Pancreatic Cancer claims just as many lives each year as breast and prostate cancer, yet research for a cure and/or early detection remains seriously underfunded – in Canada it receives less than 1% of research and charitable funding*. In Denmark there isn’t even a charitable fund specific to pancreatic cancer. We’re told that part of the reason the percentage is so low is that there are no survivors to fight the cause*. That is so very sad to me. As a direct result of low funding, there has not been any been any progress made in detection, treatment or a cure in 40 years. This frustrates me beyond belief to know. No one given this diagnosis is armed for any kind of battle.
Dad was ambushed. Plain and Simple. There was no “battle with cancer” that he “lost”. A battle implies some kind of a chance (even a tiny one) but Dad wasn’t given one. Dad loved his life and reveled in finally having time to travel the world and savour some well deserved joys after all those decades of hard work and sacrifice (I’ve never met anyone who’ve worked harder or with more integrity than my parents). Instead, he experienced just two years of his retirement and was cheated out of the rest of it. Dad deserved so much better.

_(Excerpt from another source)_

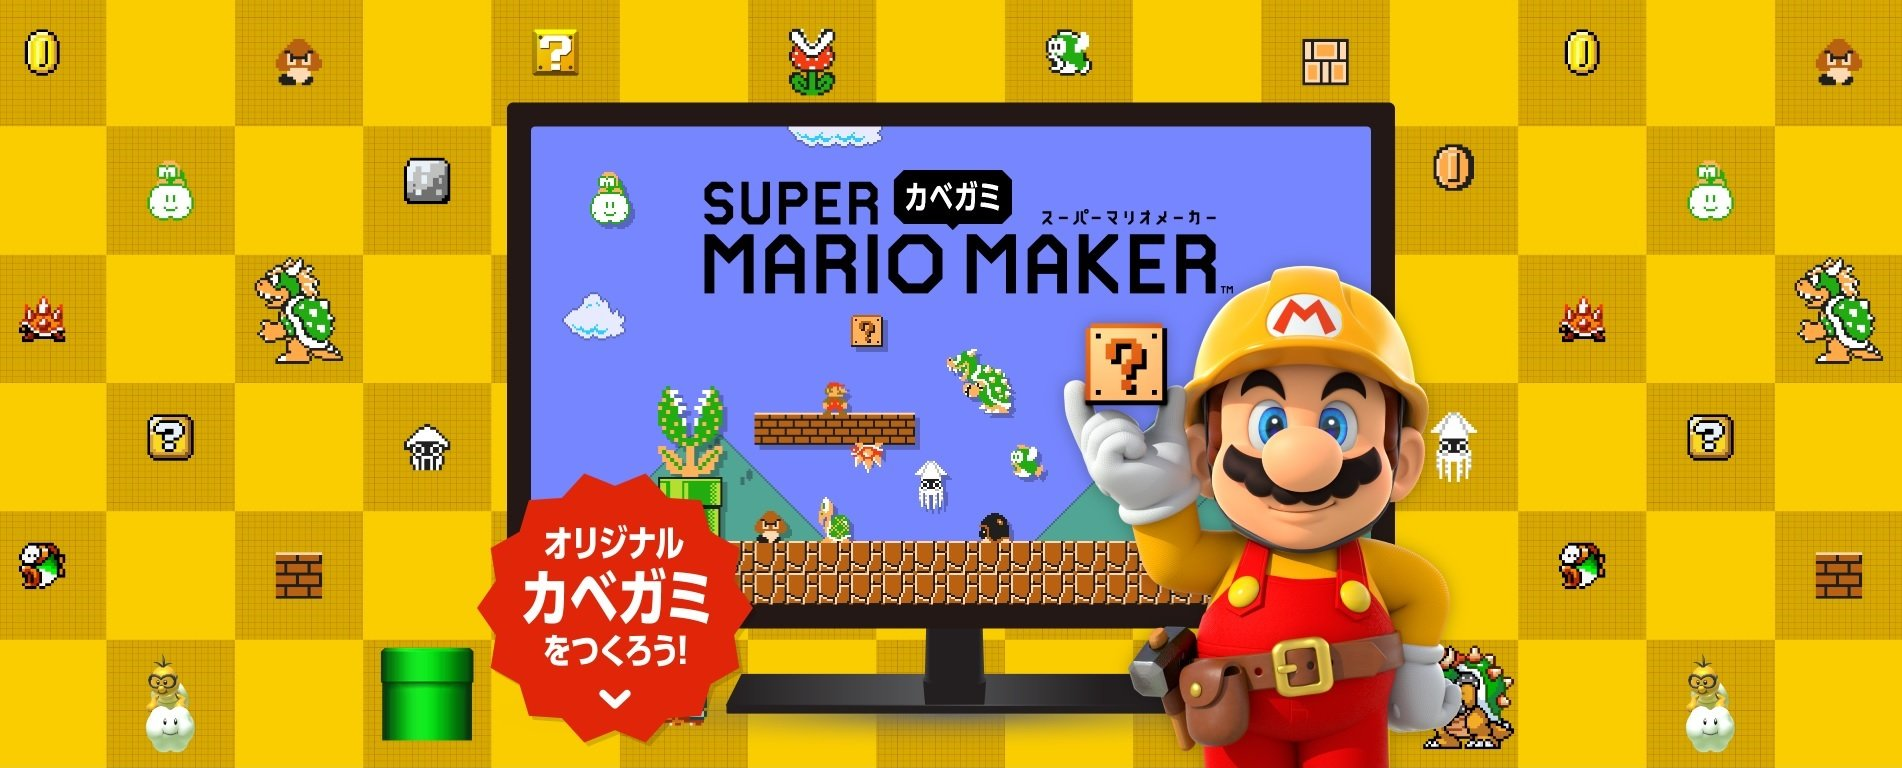 Mario maker wallpaper 1920x1080 for House creator online

Out of respect for my dad’s collected reaction to all of this (he didn’t waste his last weeks being angry) I’ve had to shelve my fury about the unfairness of how it ended for him. And for us. Mom was robbed of her best friend and the love of her life, my sisters and I our beloved dad. I have to shelve my disappointment over the way the BC Cancer Society wouldn’t speak to us until Dad had had that first appointment with the oncologist (we couldn’t even get the dietary advice we hoped could prevent us from preparing food for him that hurt him). When you’re dying of stage four pancreatic cancer, three weeks is a long time. A day is a long time. Dad died two days before his appointment. From the day of his diagnosis, we were left to fend for ourselves. We researched frantically – and came up with so many more questions than we did answers. Not once did we find an answer to why.
Why this wonderful man?
I am grateful for the few days my son and my dad had together, and for knowing that Thor got to have a place in Dad’s heart before he had to go. I am grateful that we had the chance to say our goodbyes, even though there was never any doubt about how much he loved us or how proud we made him feel. I am grateful for my mom, my sisters, and for my own little family – they are an incredible source of strength. My dad has always meant the world to me and I still can’t believe I won’t ever be able to call home to hear his voice again.
I can’t imagine the world without him – not any time soon, not even now.